Is there any form of ESI production worse than .tiffs and load files? If you’ve experienced the ease of e-discovery with tools purpose-built for native review, you know what I’m talking about. Once you "go native," you’ll never go back!
By native, I mean data in the original electronic formats the producing party uses for, e.g., email, word processing, spreadsheets and presentations.
A native file is inherently electronically searchable and functional until it’s converted to .tiff images, when it loses both searchability and functionality. It’s like photographing a steak. You can see it, but you can’t smell, taste or touch it, you can’t hear the sizzle, and you surely can’t eat it.
Because converting to .tiff takes so much away, parties producing .tiff images attempt to restore a measure of electronic searchability by extracting text from the electronic document and supplying it in a load file accompanying the .tiff images. A recipient must then run searches against the extracted text file and seek to correlate the hits in the text to the corresponding page image. It’s clunky, costly and incomplete.
The irony of .tiff and load file productions is that what was once a cutting-edge technology has become an albatross around the neck of electronic data discovery. To understand how we got to this unenviable place requires a brief history lesson.
Before the turn of the century, when most items sought in discovery were paper documents, .tiff and load file productions made lawyers’ lives easier by grafting rudimentary electronic searchability onto unsearchable paper documents. Documents were scanned to .tiff images and coded by reviewers, and their text was extracted via optical character recognition (OCR) software. It was expensive and crude, but speedier than poring over thousands or millions of pieces of paper.
The coding and text had to be stored in separate files because .tiff images are just pictures of pages, incapable of carrying added content. So, in "single page .tiff" productions, each page of a document became its own image file, another file held aggregate extracted OCR text, and yet another held the coded data about the data, i.e., its metadata.
The metadata would include information about the content and origin of the paper evidence, along with names and locations of the various images and files on the media (i.e., CD or DVD) used to transmit same. Thus, adding a measure of searchability yielded a dozen or more electronic files to carry the pieces of a 10-page document.
To put Humpty Dumpty back together again demanded a database and picture viewer capable of correlating the extracted text to its respective page image and running word searches. Thus was born a new category of document management software called "review platforms." Because the files holding the document’s OCR’ed text and metadata were destined to be loaded onto a review platform, they came to be called "load files."

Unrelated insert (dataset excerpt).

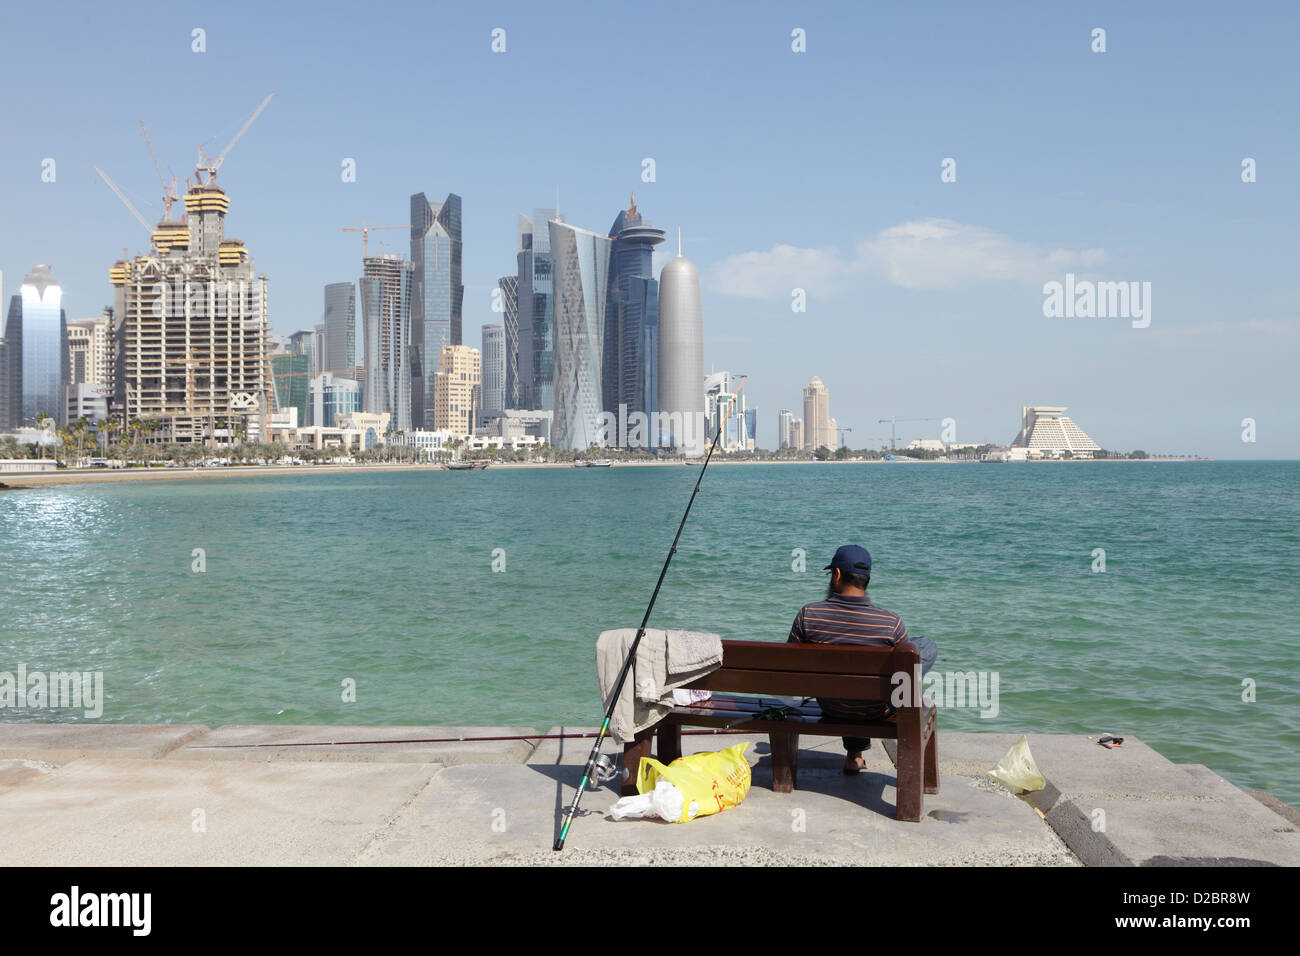 An Asian expat in Doha, Qatar, enjoys his Saturday fishing from the Corniche in Doha Bay Stock Photo
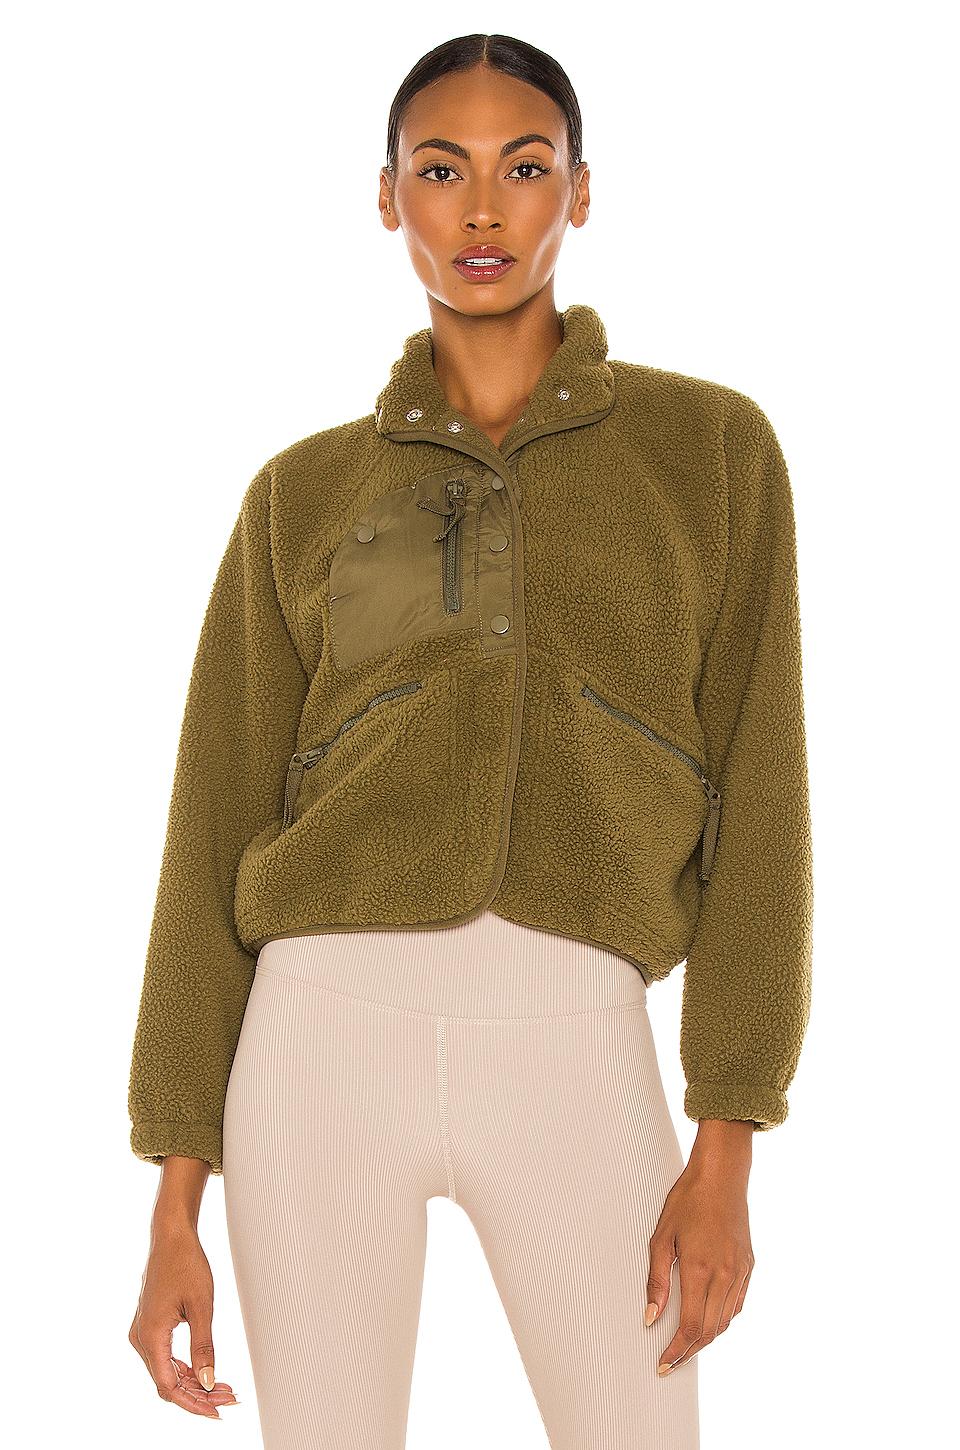 Free People X Fp Movement Hit The Slopes Jacket in Army (Green) - Lyst

Different review platforms used different load file formats to order and separate information according to guidelines called load file specifications. Load files are plain text files employing characters called delimiters to separate the various information items in the load file. Thus, a load file specification might require that information about a document be transmitted in the order: Box No., Beginning Bates No., Ending Bates No., Date, and Custodian. The resulting single line of text delimited by, e.g., commas, would appear: 57,ABC0003123,ABC0003134,19570901,Ball C.
Load files were a headache. But we put up with the pain because adding searchability to unsearchable paper documents was worth it. A stone ax is better than no ax at all.
Because large document cases and attorney review pyramids were integral to law firm growth and profitability, lawyers invested in .tiff review platforms, and service providers emerged to compete for lucrative scanning and coding work. The electronic data discovery industry was born, circa 1987.
Fast forward to 2013, and hardly any documents are born on paper. Today, we seek electronically stored information, viz., email, word-processed documents, spreadsheets, presentations and databases. With paper, what you see is what you get.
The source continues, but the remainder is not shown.